Supplied material
■ ■ ■ ■
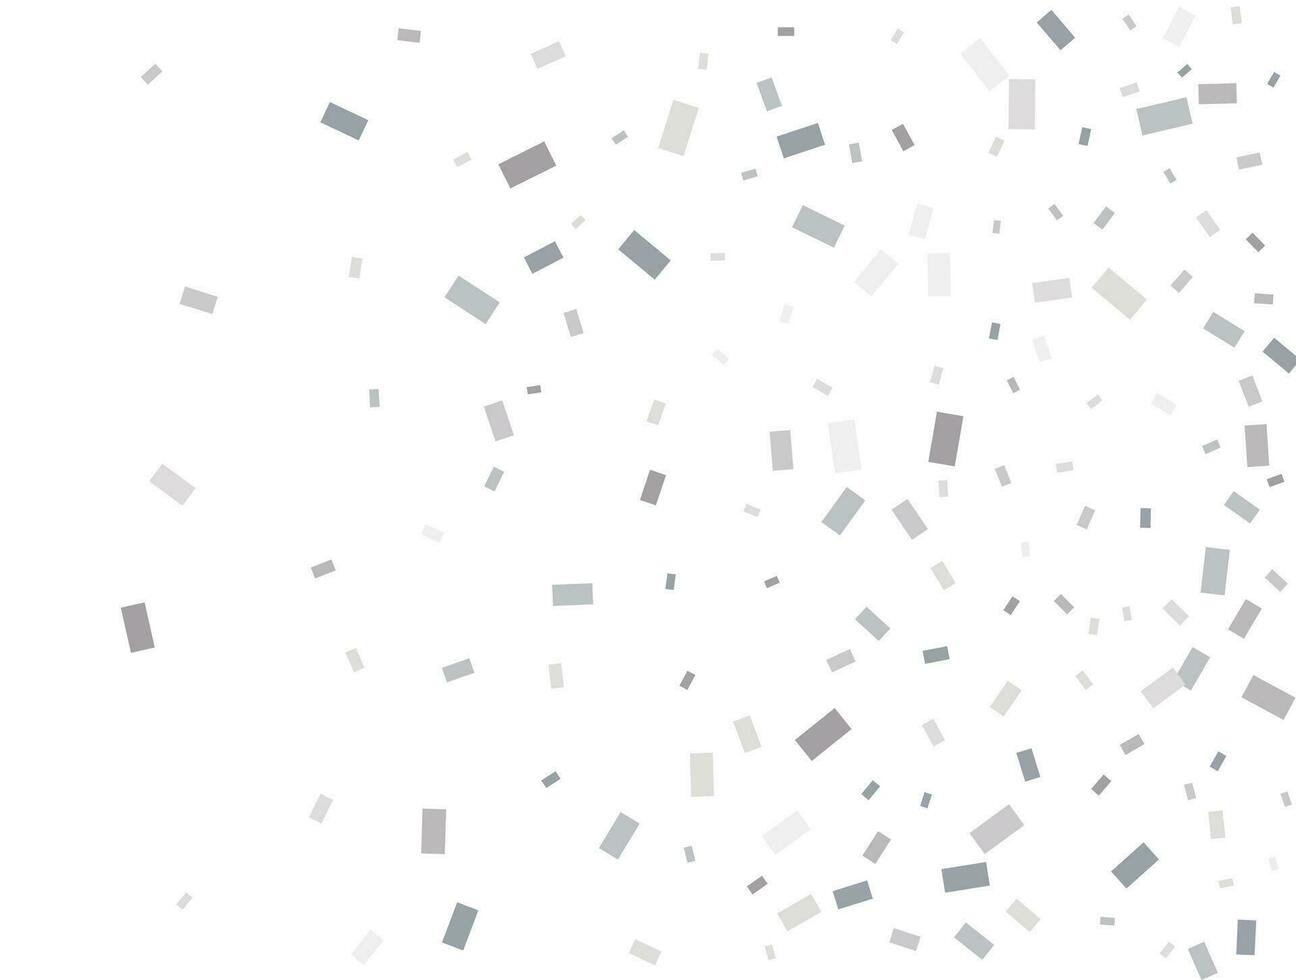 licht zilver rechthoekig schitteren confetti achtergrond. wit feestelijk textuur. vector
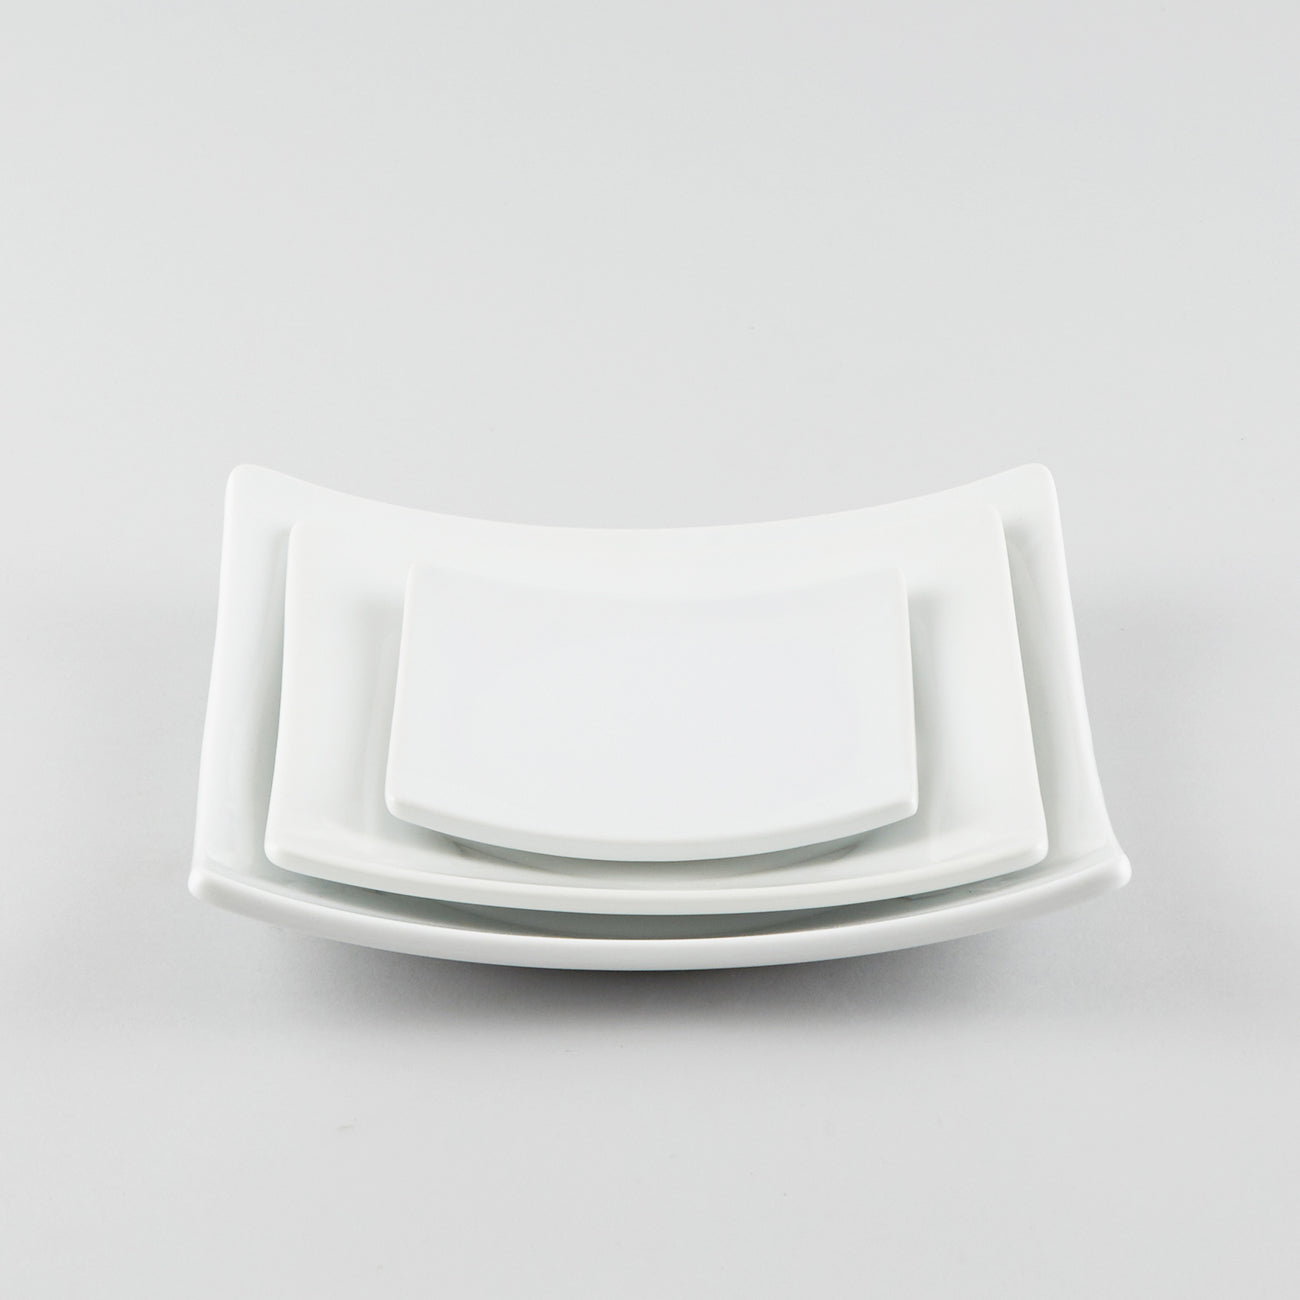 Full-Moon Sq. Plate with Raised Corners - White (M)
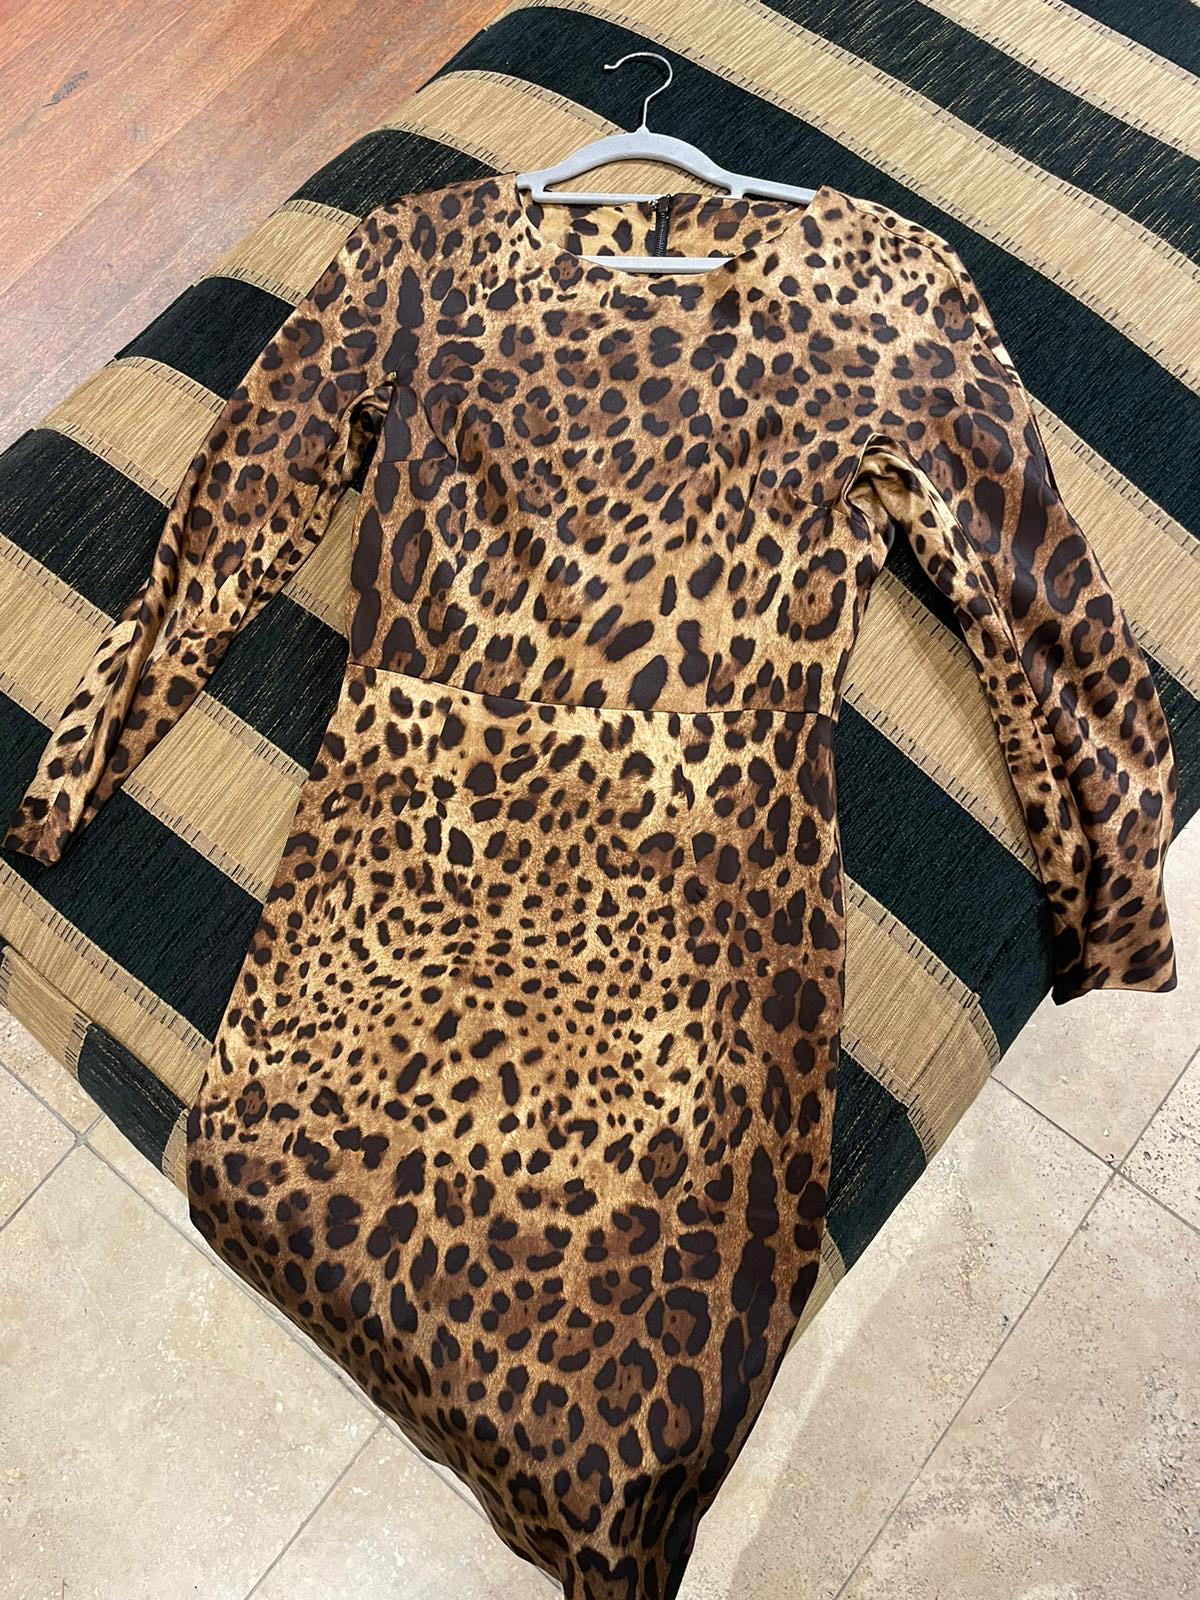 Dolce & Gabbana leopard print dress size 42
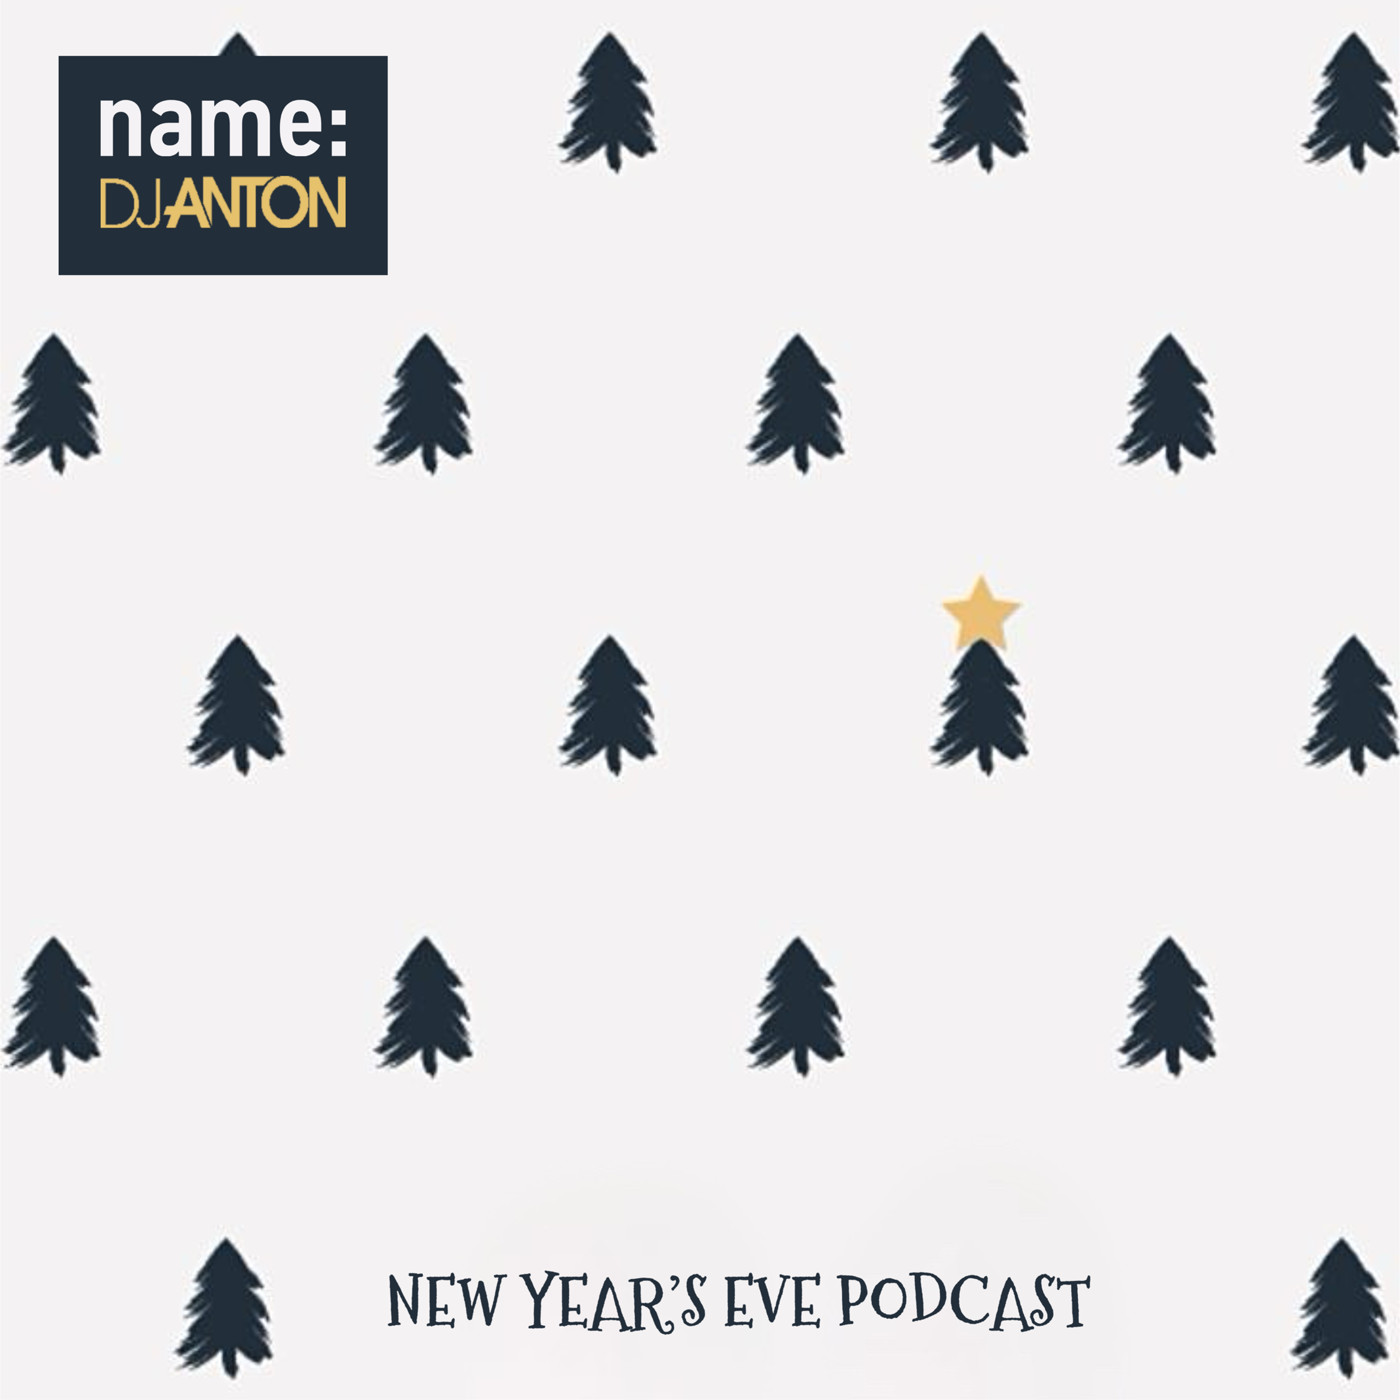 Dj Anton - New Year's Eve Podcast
■ ■ ■ ■
Action item
Return all the lines above exactly; none of the pictures should appear.

Expected answer
 licht zilver rechthoekig schitteren confetti achtergrond. wit feestelijk textuur. vector
 Full-Moon Sq. Plate with Raised Corners - White (M)
 Dolce & Gabbana leopard print dress size 42
 Dj Anton - New Year's Eve Podcast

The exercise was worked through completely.